Can mining heal a river?
Midas Gold Corp., a Canadian mining company with an Idaho subsidiary, wants you to believe that its mining project can.
Over the past century, mining companies have come and gone from the Stibnite mine site, near Yellow Pine, and have made a variety of promises to the residents of this state. But they all have left behind the same legacy — a polluted and scarred landscape. Now, the latest mining company to arrive at Stibnite, Midas Gold, wants you to believe that it alone is going to “restore” the site, and do it with a brand-new gold mine.

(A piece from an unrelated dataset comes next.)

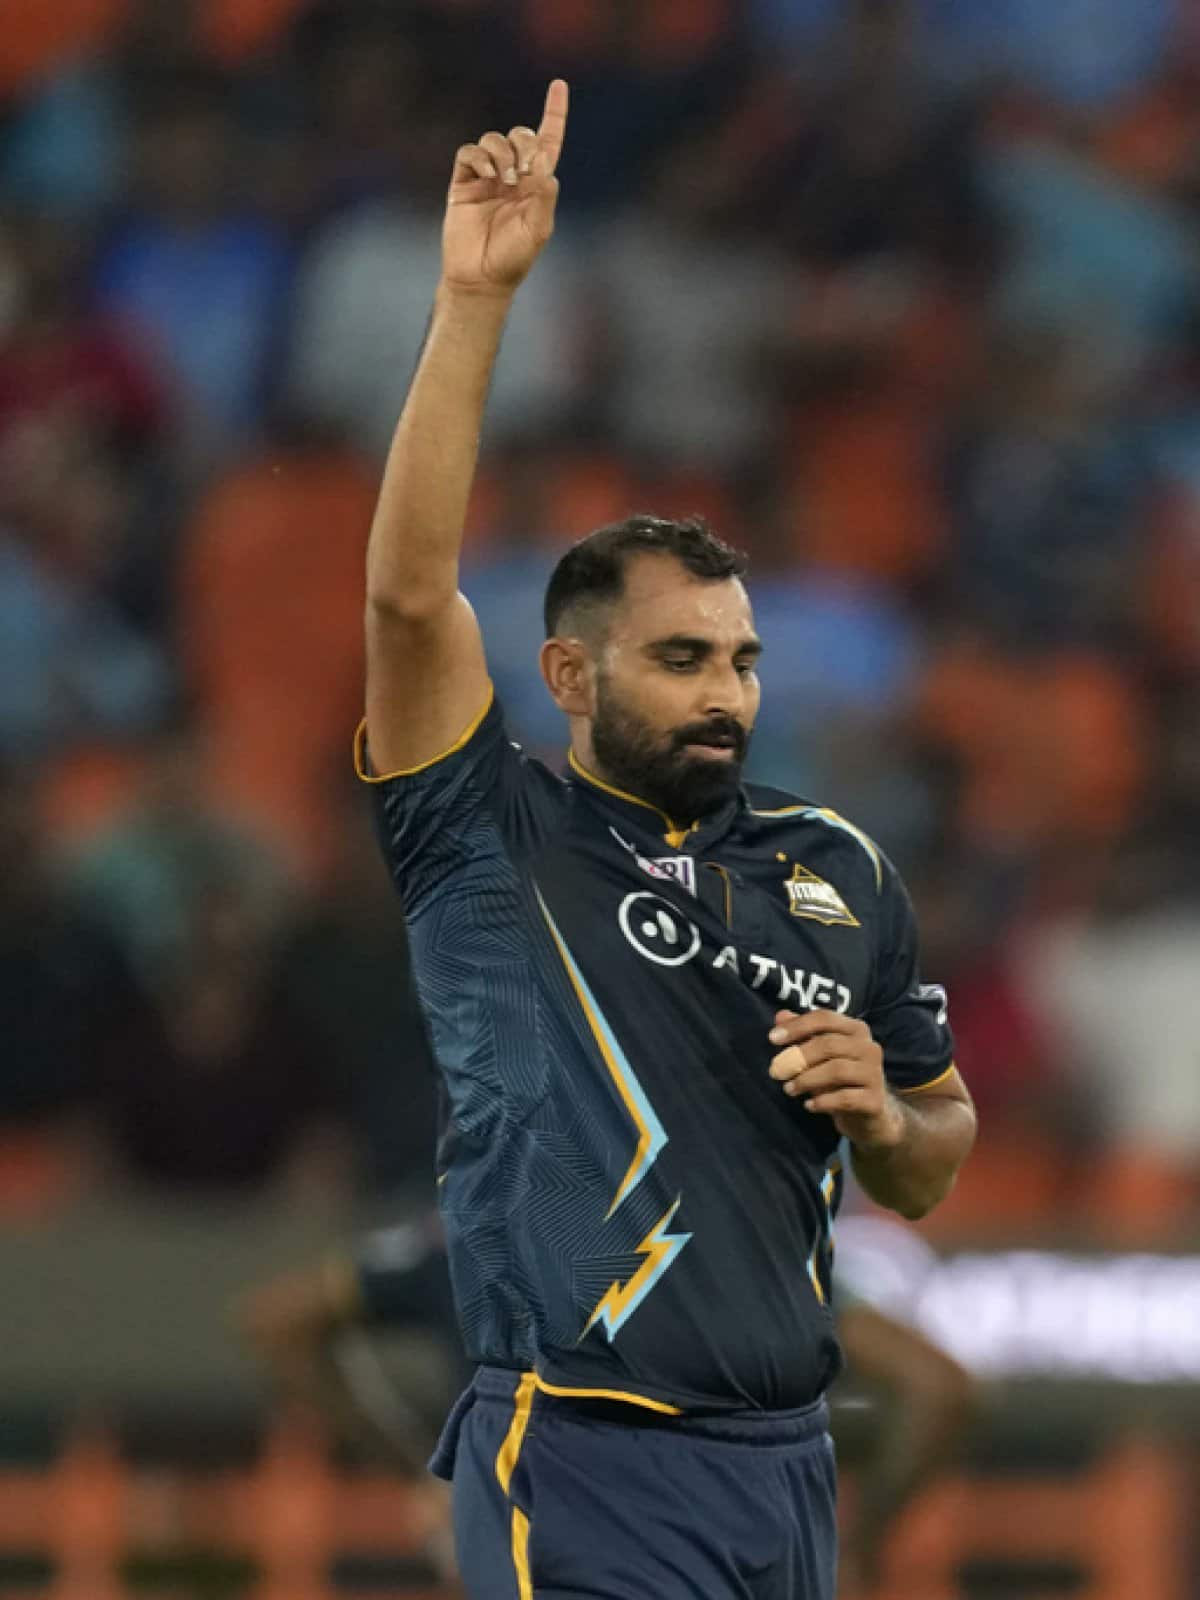 No Replacement Named For Shami

Midas Gold is proposing the Stibnite Gold Project, a huge open-pit surface mine in the headwaters of the East Fork South Fork Salmon River and within the Nez Perce Tribe territory. The company plans to redisturb the current mine site and excavate an additional 800 acres of currently undisturbed wildlife habitat, with three enormous mining pits. Two of these pits will be left on the landscape in perpetuity. The company also plans to fill three valleys with 450 million tons of mine tailings and waste rock, and plans to build a 26-foot-wide access road through three roadless areas, along the boundary of the Frank Church-River of No Return Wilderness.
And these impacts are potentially just the beginning.
Most mines, once opened, expand, and Midas has already promoted the potential for expansion. This means that the Stibnite Gold mine could go from a large mine at the initial permitting phase to a mega-mine involving additional acres, deposits, mining pits and filled valleys, with compounding destructive environmental effects.
Is this the picture you’ve gotten from Midas Gold’s promotional materials, or have you just heard about its restoration plans for the site?
The reality is that Midas Gold’s restoration plans are minor compared to the sheer scale of disturbance associated with the money-making aspects of the mine. Midas Gold’s restoration plans also distract from the real potential that its project will actually increase contamination of the site and the Salmon River.
Earthworks’ 2013 U.S. Gold Mines Spills & Failures Report study found that of 27 active gold mines in the United States (93 percent of U.S. gold production), all had experienced at least one pipeline spill or other accidental release. The report also found that 20 of the 27 mines failed to capture or control contaminated mine seepage and had water quality impacts to surface and/or groundwater. Midas Gold claims that the liners it plans to place below, and the soil covers on top, of its mine tailings will entirely prevent the type of contaminated seepage documented in the 2013 Earthworks report.
Unfortunately, all liners leak. They leak because they have some natural permeability and because they also have defects. And Midas’ leaking tailings piles may be the least of the problem. Midas doesn’t plan to line its waste rock deposits at the site. If the soil covers and vegetation Midas plans to use don’t work – which is likely given that unlined waste rock deposits have leaked at similar sites – then these features will also leak contaminated heavy metals into ground and/or surface water.
There is no question that the long history of mining at the Stibnite site has left this site in Idaho degraded and in need of healing. But betting on a new, enormous mine to do the cleanup is too risky for fish and wildlife, for the residents of Idaho and for the Nez Perce people, who have worked since the mid-1990s – expending approximately $2.5 million annually – to restore fish populations and fish habitat in the Salmon River watershed.
The preservation of Idaho’s cherished natural resources is a top priority for the Nez Perce people, and the Nez Perce Tribe opposes the Stibnite Gold Project. Please join us.
Shannon Wheeler is the Nez Perce Tribe executive committee chairman.